Figure 1: Comparison of prior, posterior, and likelihood.

Built-In Sampling Functions

R: sample, rnorm, rbinom, etc.

Julia: rand, Distributions.rand

Python: numpy.random.rand, scipy.stats.xx.rand

What Are These Functions Doing?

Think of a biased coin with probability of heads \(\theta\).

Want to obtain a Bernoulli random variable.

What can we do without using a built-in Bernoulli function?

Coin Flip Simulation

Given heads probability \(\theta\):

Draw \(u \sim Uniform(0, 1)\).
If \(u < \theta\), return H.
Else return T.

What About Discrete Variables?

How can we generalize this strategy for discrete distributions with category probabilities \(\theta_1, \theta_2, \ldots, \theta_n\)?

Discrete Variable Simulation

Given category probabilities \(\theta_1, \theta_2, \ldots, \theta_n\):

Draw \(u \sim Uniform(0, 1)\).
If \(u < \theta_1\), return 1.
If \(u < \theta_1 + \theta_2\), return 2,
\(\vdots\)
Else return \(n\).

Generalization: Quantile Transform Method

Given \(U \sim Uniform(0, 1)\), target CDF \(F\), \(X = F^{-1}(U)\) has CDF \(F\).

Why?

\[\mathbb{P}(X \leq a) = \mathbb{P}(F^{-1}(U) \leq a) = \mathbb{P}(U \leq F(a)) = F(a)\]

In other words, if we can generate uniform variables and calculate quantiles, can generate non-uniform variables.

Problem Solved…Right?

Often don’t have quantile functions in closed form.
They also often don’t have nice numerical solutions.

Using the PDF

Suppose the PDF \(f\) has support on \([a, b]\) and \(f(x) \leq M\).

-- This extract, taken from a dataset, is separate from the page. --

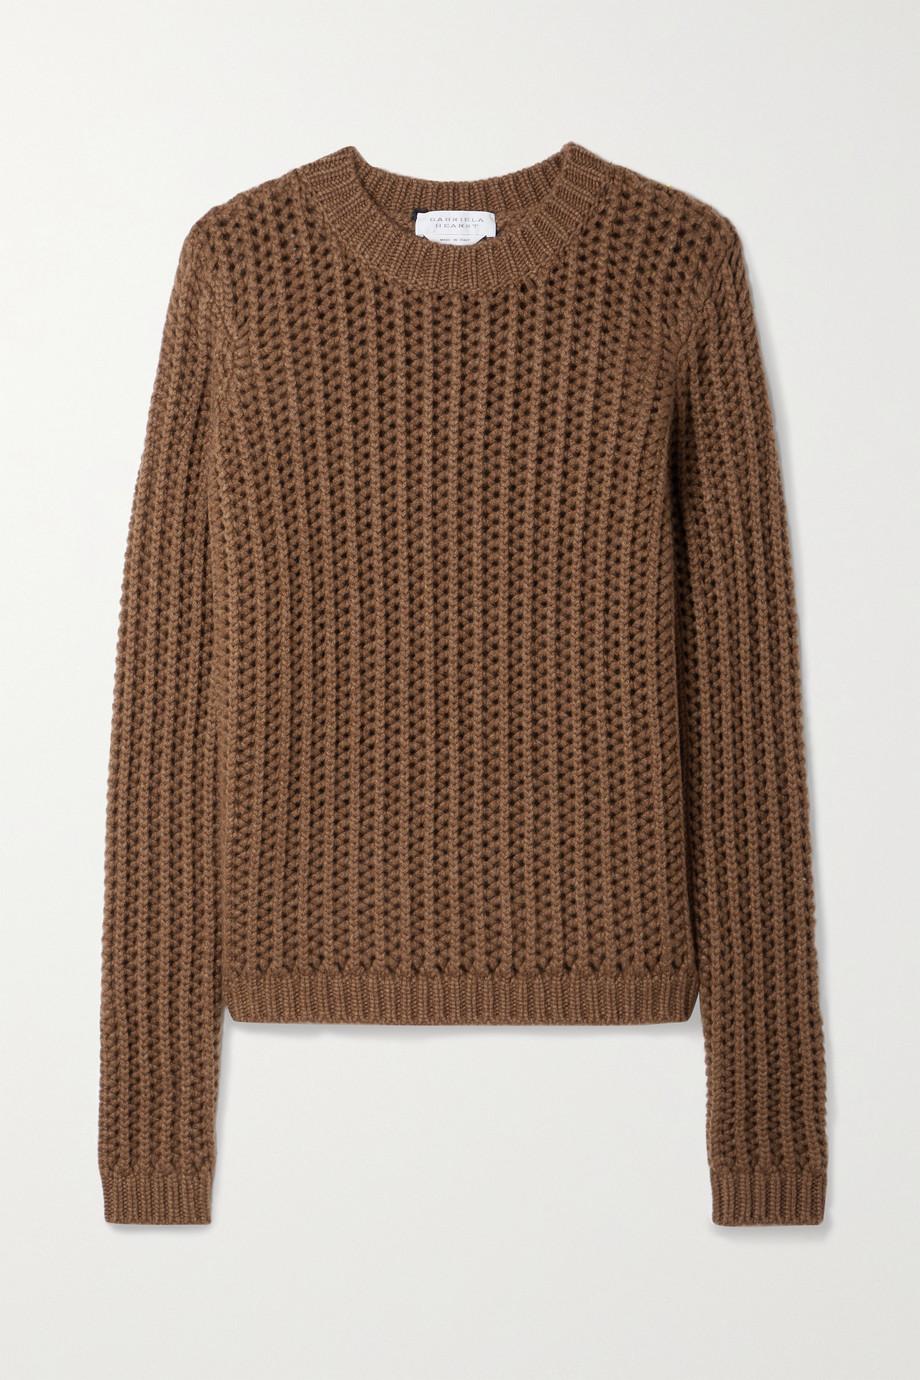 Gabriela Hearst Phillipe ribbed cashmere sweater

What could we do to sample \(X \sim f(\cdot)\)?

Figure 2: Beta Distribution

Rejection Sampling Algorithm

Given pdf \(f\) for \(X\), upper bound \(M\) on \(f\) in \([a, b]\):

Simulate uniformly: \(y \sim [a, b]\), \(u \sim [0, 1]\).
If \(Mu < f(y)\), keep \(y\) as a sample of \(X\).
Otherwise reject.

Rejection Sampling Visualization

Figure 3: Example of rejection sampling for a Beta distribution

Rejection Sampling Efficiency

Important: Only kept 27% of proposals.

(a) Results from uniform rejection sampling

(b)

Figure 4

More General Rejection Sampling

Use a proposal density \(g(\cdot)\) which “covers” target \(f(\cdot)\) and is easy to sample from.

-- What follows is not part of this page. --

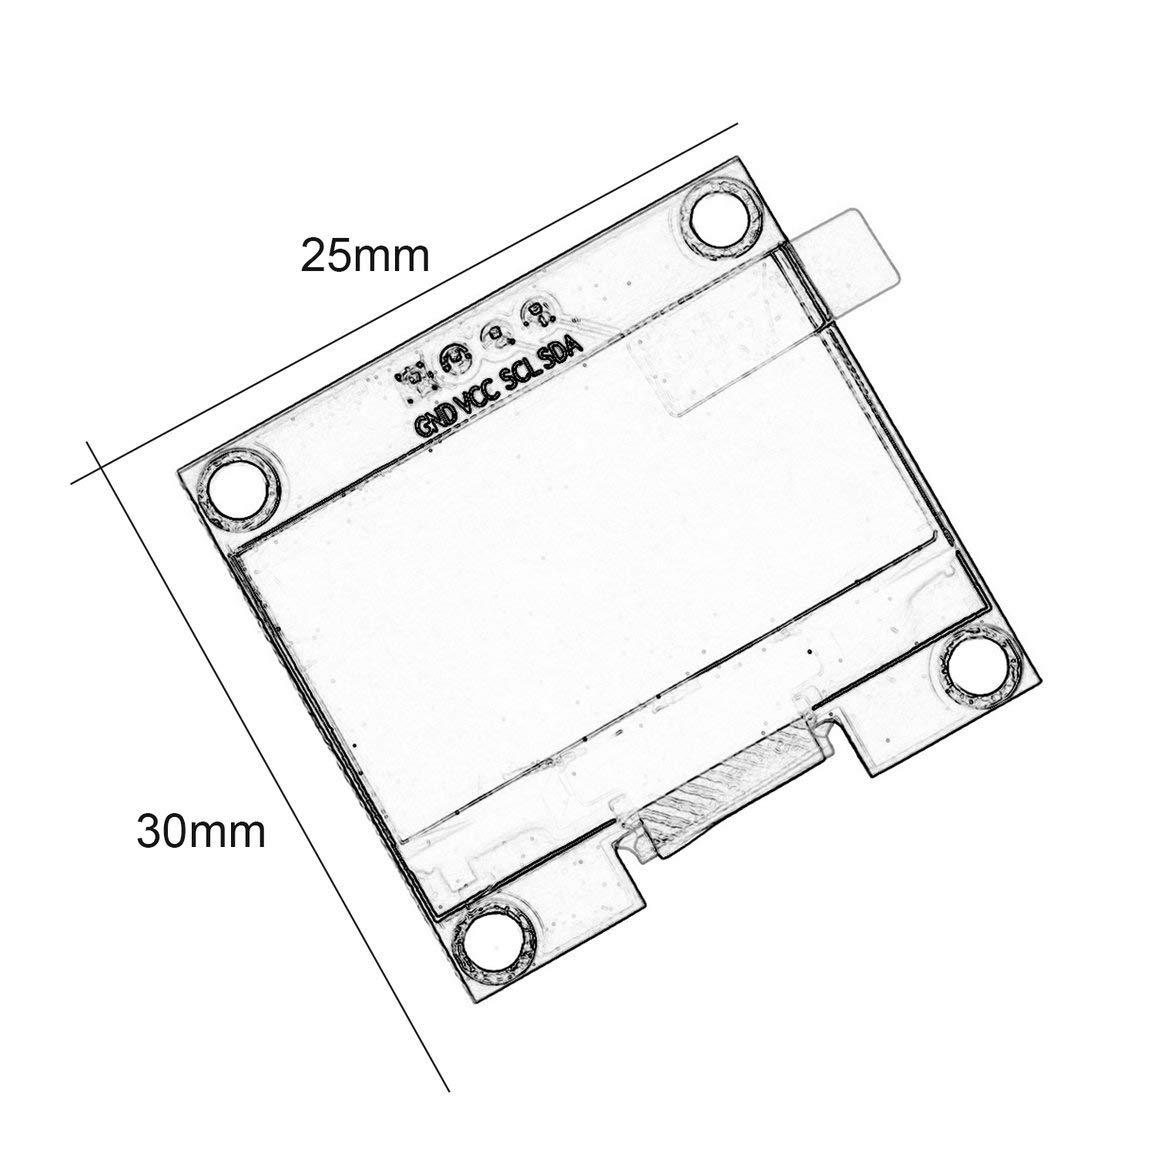 1 3 Zoll 4 Pin I2c Iic Serien 128x64 Oled Lcd Led Sh1106 Wiringpi Spi Clock Produktbeschreibungen

Sample from \(g\), reject based on \(f\).

Figure 5: Using a t distribution as proposal density for normal.

General Rejection Sampling Algorithm

Suppose \(f(x) \leq M g(x)\) for some \(1 < M < \infty\).

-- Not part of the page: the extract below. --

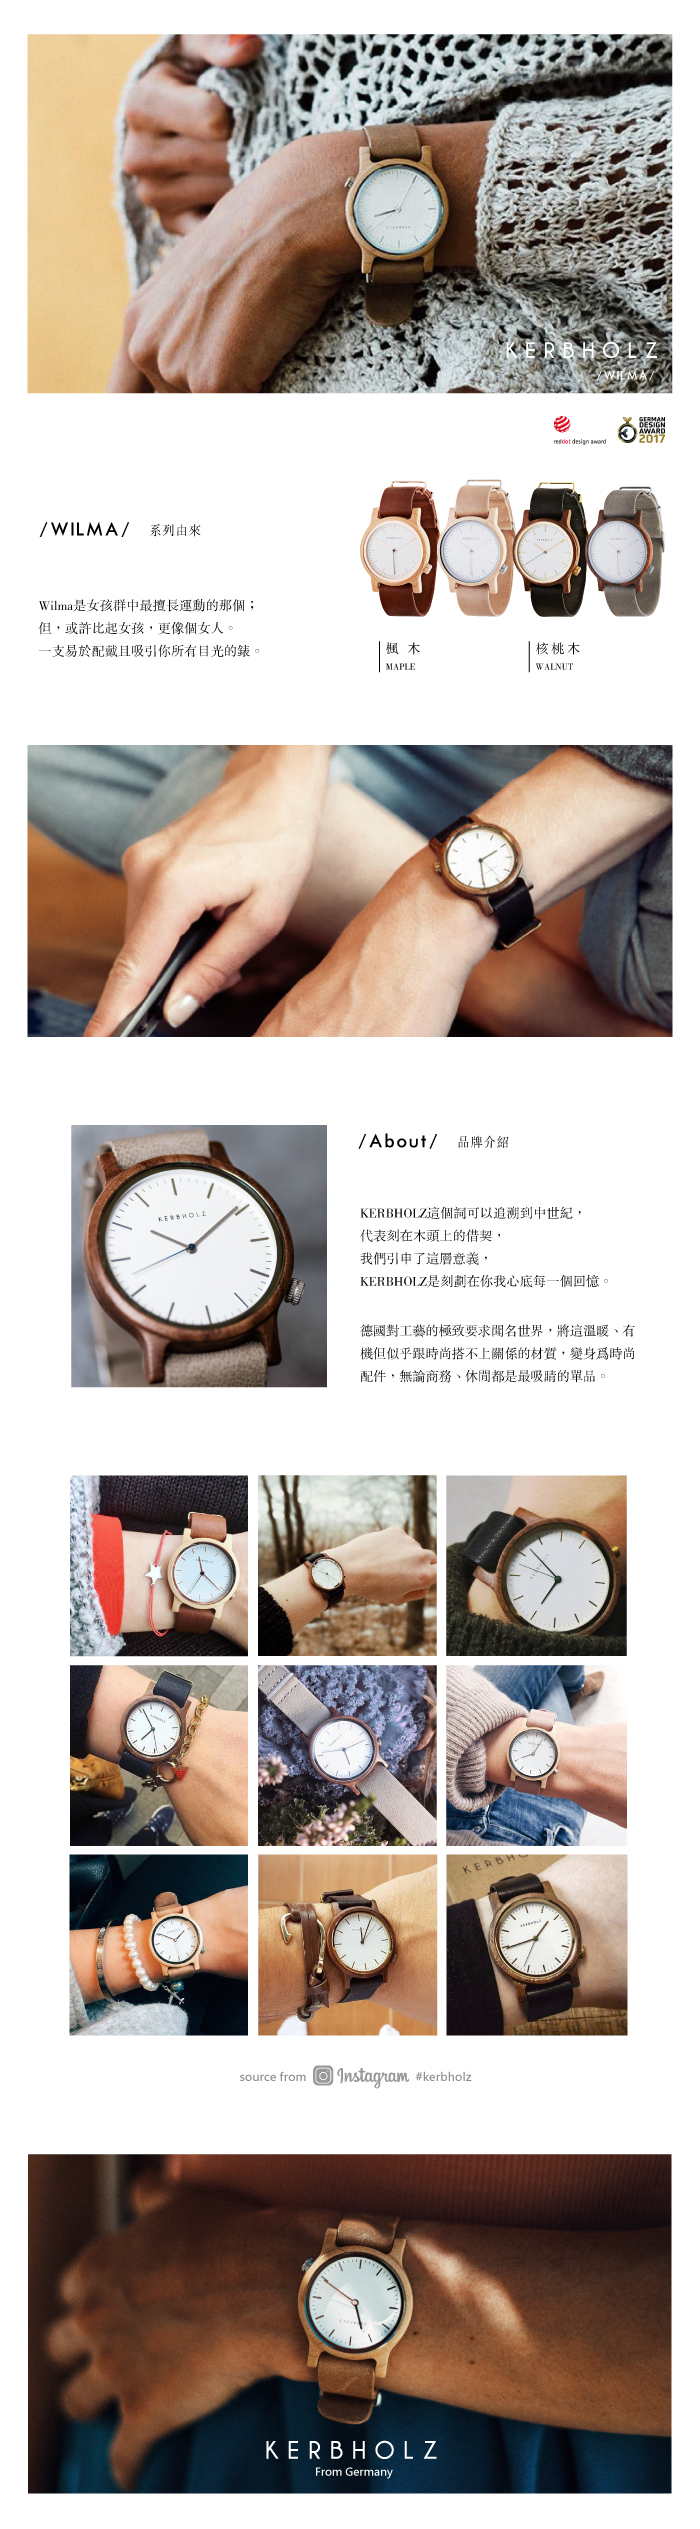 KERBHOLZ|原木手錶 Wilma - 核桃木 (真皮錶帶)

Simulate a proposal \(y \sim g(x)\) (e.g. by quantile method).
Simulate \(u \sim \text{Unif}(0, 1)\)
If \[u < \frac{f(y)}{M g(y)},\] accept \(y\); otherwise reject.

Rejection Sampling Example

Figure 6: Example of rejection sampling for a Normal distribution

This time we kept 35% of the proposals.

Rejection Sampling Efficiency

Probability of accepting a sample is \(1/M\), so the “tighter” the proposal distribution coverage the more efficient the sampler.
Need to be able to compute \(M\) and sample from the proposal.

Finding a good proposal and computing \(M\) may not be easy (or possible) for complex distributions!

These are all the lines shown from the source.